Perhaps it's because most people turn it off during its slow first half hour. But those who refrain are justly rewarded: Jeff Goldblum and Rowan Atkinson dancing in nuns' habits and sequined red mini-skirts! A giddy, out-of-the-blue montage in which all the characters sing along to "It Must Be Love"! An absurd staging of a musical version of The Elephant Man, featuring the heartrending love song "He's Packing His Trunk"! And a furniture-destroying, milk-carton-flattening, piano-playing sex scene that would've topped this list had I known about it.
Goldblum (like Oliver Platt, John Malkovich and Christopher Walken) is best at playing himself, and even then it's hit-or-miss. But his character here -- Dexter, a charming, hapless West End theatre imp -- is a perfect fit. Who else can deliver the line "I hope all your children have very small dicks! And that includes the girls!" with such hollow, self-aware aplomb? Throw in Rowan Atkinson as a megalomaniacal comic ("What in the name of Judas Iscariot's bumboy is going on?") and Thompson as a carnally blunt antidote to Meg Ryan ("Are you going to walk me home? Or should I just get murdered on my own?"), and you've got a refreshing, exuberant bit of British irreverance toward sex, dating and theatre. Consider this exchange between Dexter and his prim, glib agent Mary, who is decidedly un-Poppinsish:
You can guess who plays the lead in "Elephant!" The results rival the hilarity of "Red, White & Blaine."AGENT: Well, the only other thing at the moment is a new musical that the RSC are doing.
DEXTER: Er, what's it about?
AGENT: The Elephant Man.
DEXTER: A musical of the Elephant Man? What's it called?
AGENT: "Elephant," I think -- with an exclamation mark presumably.
DEXTER: Pity the poor bastard who has to play the elephant.
AGENT: Remember dearest, everyone thought Jesus Christ Superstar was a stupid idea.

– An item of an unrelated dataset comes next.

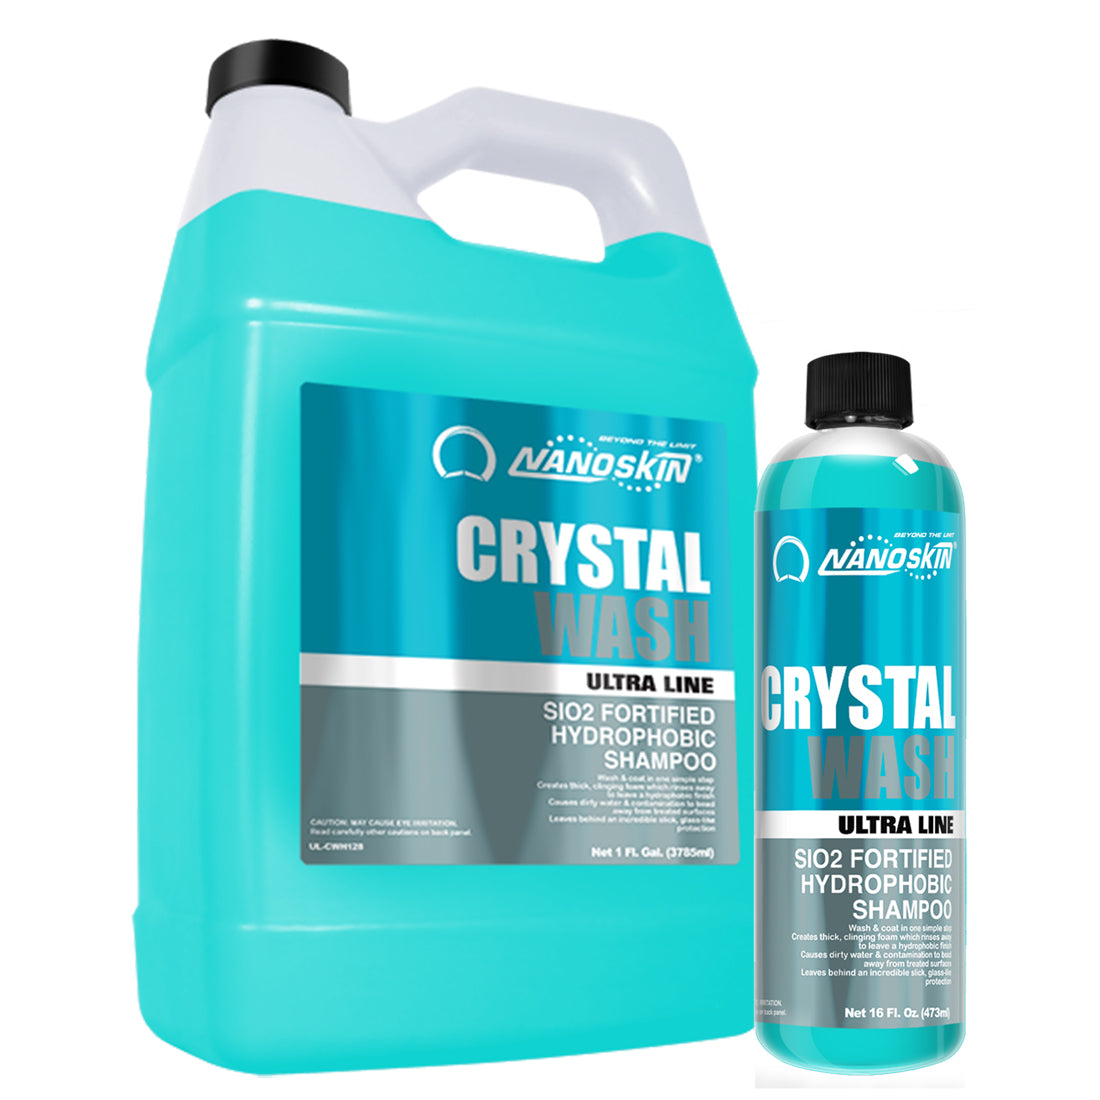 CRYSTAL WASH SiO2 Fortified Hydrophobic Shampoo 200:1 ~ 400:1
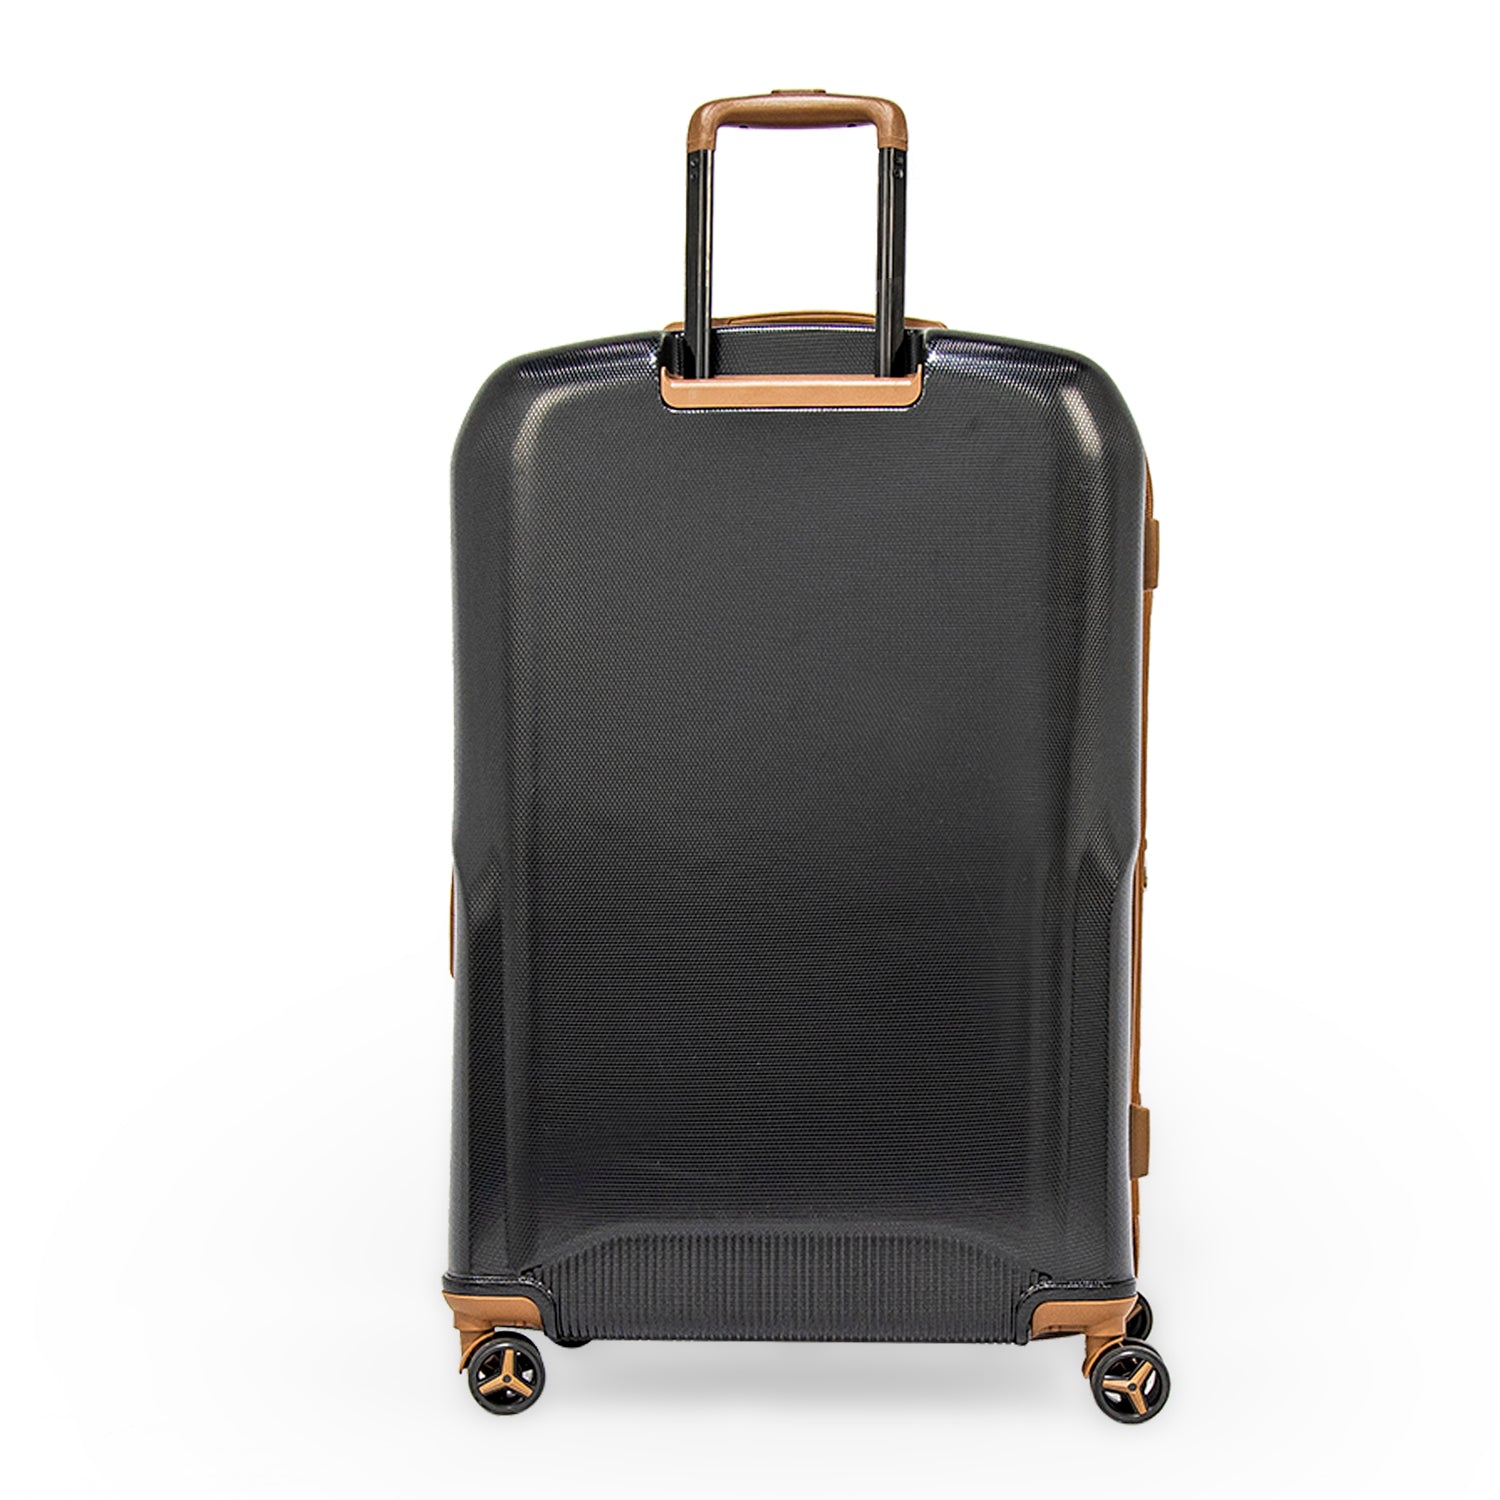 Sonada Upright Luggage Expandable Hardside Suitcase Check In Black

DEXTER: Jesus Christ Superstar was a stupid idea.
AGENT: True.
5 comments:
This movie is a gem. I can't remember the last time I couldn't stop laughing just thinking about scenes from a movie, which is exactly what happened the day after I watched The Tall Guy. Luckily I was only at work when the giggles started. Had I been at church or a funeral, it would have been a laughing-fit disaster.
I found the Elephant: The Musical parts to be the most hilarious. Oh man. Funnier than Springtime for Hitler.
P.S. Dashing new pic, J.J.
Ah yes, I should've brought The Producers into the mix. Perhaps I'll post about satirical faux-musical numbers in the future. The Tall Guy's elephant men tap dance number and "Somewhere in Heaven Is an Angel with Big Ears" deserves a place right next to The Producers' "Springtime for Hitler" and Waiting for Guffman's "Stool Boom."
i was going to try to leave some sort of fun comment on how exciting it sounds and how i'll have to see it someday. but i had no fun comments, and deleted all of my previous attempts. so there. i would like to see the movie though.
Beedow, you would love it. When you're finished touring the country, you should get Netflix and immediately add it to your queue.
Ultra-trivial 2 cents worth:
THE TALL GUY was directed by Mel Smith, who also played the Albino in THE PRINCESS BRIDE-- he can be seen in the dungeon where they're torturing Cary Elwes.